Please see response next to each point mentioned above.

Earl

Sent from my HTC One using Expat Forum


----------



## arya.anand64 (Oct 30, 2013)

earldro said:


> Hi,
> 
> Please see response next to each point mentioned above.
> 
> ...


==========================================

Thanks Earl...

So the only difference between 189 and 190 is that first 2 year work , Is there any other difference.


----------



## earldro (Feb 23, 2013)

arya.anand64 said:


> ==========================================
> 
> Thanks Earl...
> 
> So the only difference between 189 and 190 is that first 2 year work , Is there any other difference.


None whatsoever... That is the only restriction.

Sent from my HTC One using Expat Forum


----------



## arya.anand64 (Oct 30, 2013)

earldro said:


> None whatsoever... That is the only restriction.
> 
> Sent from my HTC One using Expat Forum


Thanks Earl !!!!


----------



## gsukumar27 (Oct 23, 2013)

Hi 
I recently filed EOI for south Australia on oct 9th...MY ielts overall was 6.5 with all bands 6 and above.. how much time does it take to get invitation and wat are my chances..please someone answer......


----------



## earldro (Feb 23, 2013)

gsukumar27 said:


> Hi
> I recently filed EOI for south Australia on oct 9th...MY ielts overall was 6.5 with all bands 6 and above.. how much time does it take to get invitation and wat are my chances..please someone answer......


You mean you have submitted an EOI and applied for an invite from south Australia?? This website www.migration.sa.gov.au will give you the current timelines.

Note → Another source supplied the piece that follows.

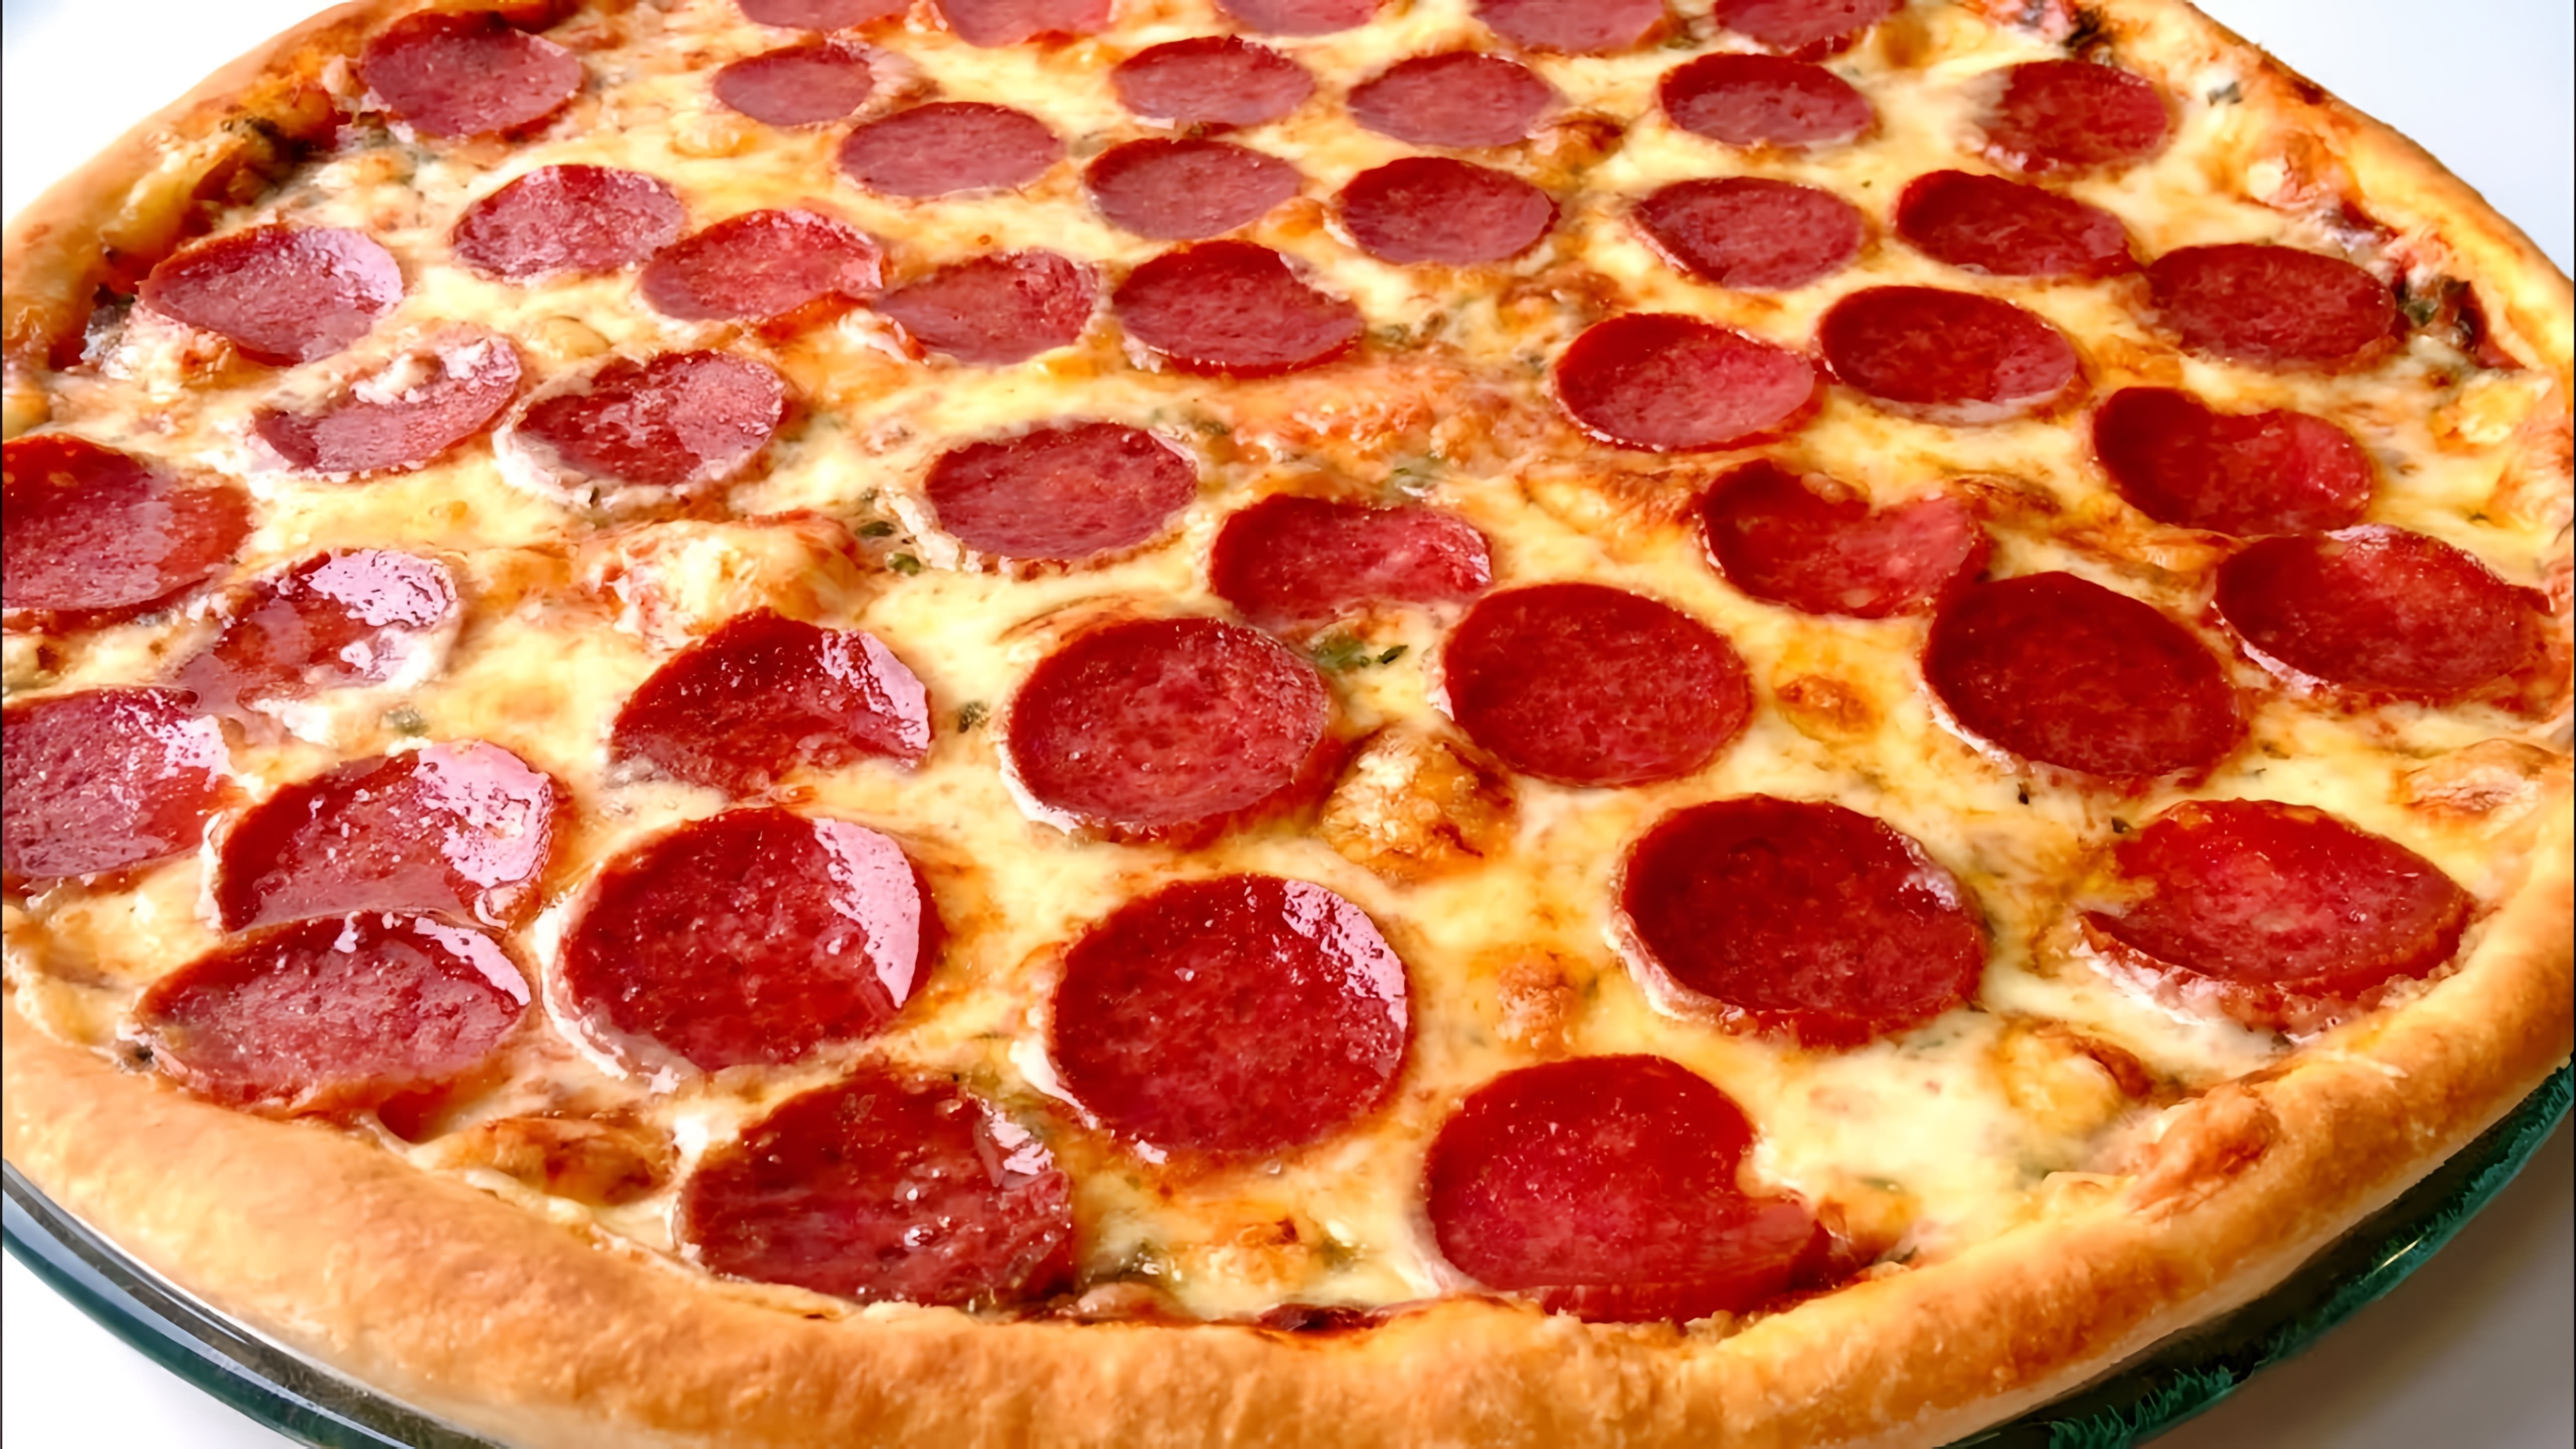 В этом видео демонстрируется процесс приготовления пиццы "Пепперони" в домашних условиях

Sent from my HTC One using Expat Forum


----------



## Darvin (Sep 25, 2013)

Hi,

I would like to apply for the Skilled Nominated visa (subclass 190) for Canberra, because my occupation (263212: ICT SUPPORT ENGINEER) is listed in the Consolidated Sponsored Occupation List of canberra.

I have 3 years of work experience in ICT SUPPORT, but my graduation is in Electronics&Communication engineering. So will I get points for my education qualification?

Thanks.....


----------



## gsukumar27 (Oct 23, 2013)

hi 
One more doubt....I got my assessment for full experience counted 4yrs and 2 months for 263111.for 190 visa..i.e 2008 sep 11th to 2012 Nov as i mentioned that time am still working with company.. ...Later i left the company in Aug 2013 i.e after working for more 9 months .so overall experience i have with this company is 4yrs 11months. As i left the company will this be a problem after applying visa and when CO is assigned for this file...Also i have proofs for each and every copy from this company where in case if he asks me anything.

And for time being in sep 2013 i joined another Y company and its a different profile Non tech background till date am working...Does officer will ask any questions about my present situation what am doing after leaving X company or any information does he asks me related to this job change....please let me know ....thank you.


----------